Economic security, in the context of international relations, is the ability of a nation state to maintain and develop the national economy, without which other dimensions of national security cannot be managed. Economic capability largely determines the defence capability of a nation, and thus a sound economic security directly influences the national security of a nation. That is why we see countries with sound economy, happen to have sound security setup too, such as The United States, China, India among others. In larger countries, strategies for economic security expect to access resources and markets in other countries and to protect their own markets at home. Developing countries may be less secure than economically advanced states due to high rates of unemployment and underpaid work.

=== Environmental ===

Environmental security, also known as ecological security, refers to the integrity of ecosystems and the biosphere, particularly in relation to their capacity to sustain a diversity of life-forms (including human life). The security of ecosystems has attracted greater attention as the impact of ecological damage by humans has grown. The degradation of ecosystems, including topsoil erosion, deforestation, biodiversity loss, and climate change, affect economic security and can precipitate mass migration, leading to increased pressure on resources elsewhere. Ecological security is also important since most of the countries in the world are developing and dependent on agriculture and agriculture gets affected largely due to climate change. This effect affects the economy of the nation, which in turn affects national security.

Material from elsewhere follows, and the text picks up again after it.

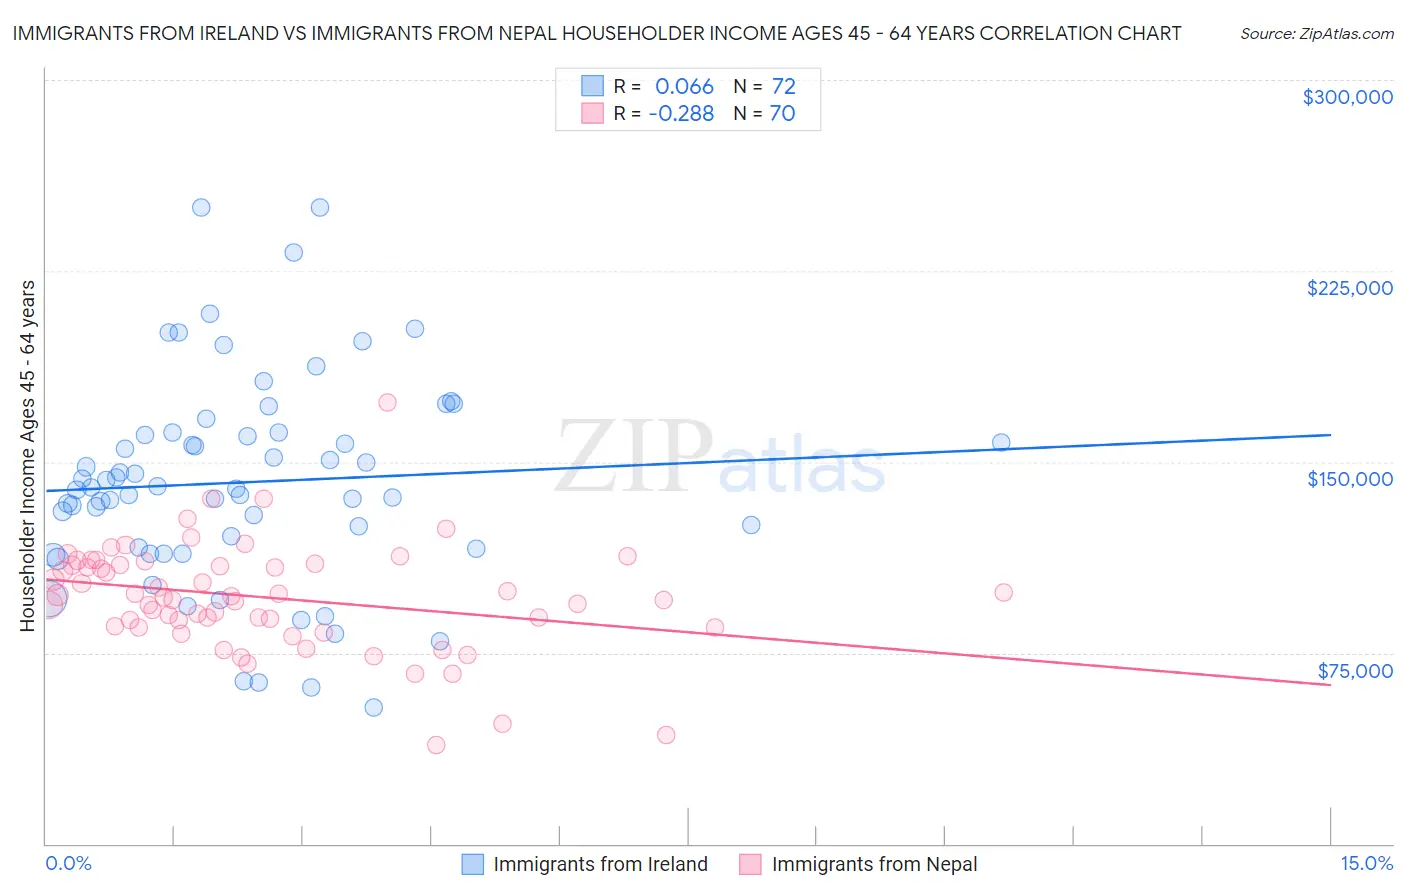 Immigrants from Ireland vs Immigrants from Nepal Householder Income Ages 45 - 64 years

The scope and nature of environmental threats to national security and strategies to engage them are a subject of debate. Romm (1993) classifies the major impacts of ecological changes on national security as:
- Transnational environmental problems. These include global environmental problems such as climate change due to global warming, deforestation, and loss of biodiversity.
- Local environmental or resource pressures. These include resource scarcities leading to local conflict, such as disputes over water scarcity in the Middle East; migration into the United States caused by the failure of agriculture in Mexico; and the impact on the conflict in Syria of erosion of productive land. Environmental insecurity in Rwanda following a rise in population and dwindling availability of farmland, may also have contributed to the genocide there.
- Environmentally threatening outcomes of warfare. These include acts of war that degrade or destroy ecosystems. Examples are the Roman Empire destruction of agriculture in Carthage; Saddam Hussein's burning of oil wells in the Gulf War; the use of Agent Orange by the UK in the Malayan Emergency and the US in the Vietnam War for defoliating forests.

===Energy and natural resources===

Resources include water, sources of energy, land, and minerals. Availability of adequate natural resources is important for a nation to develop its industry and economic power. For example, in the Persian Gulf War of 1991, Iraq captured Kuwait partly in order to secure access to its oil wells, and one reason for the US counter-invasion was the value of the same wells to its own economy. Water resources are subject to disputes between many nations, including India and Pakistan, and in the Middle East.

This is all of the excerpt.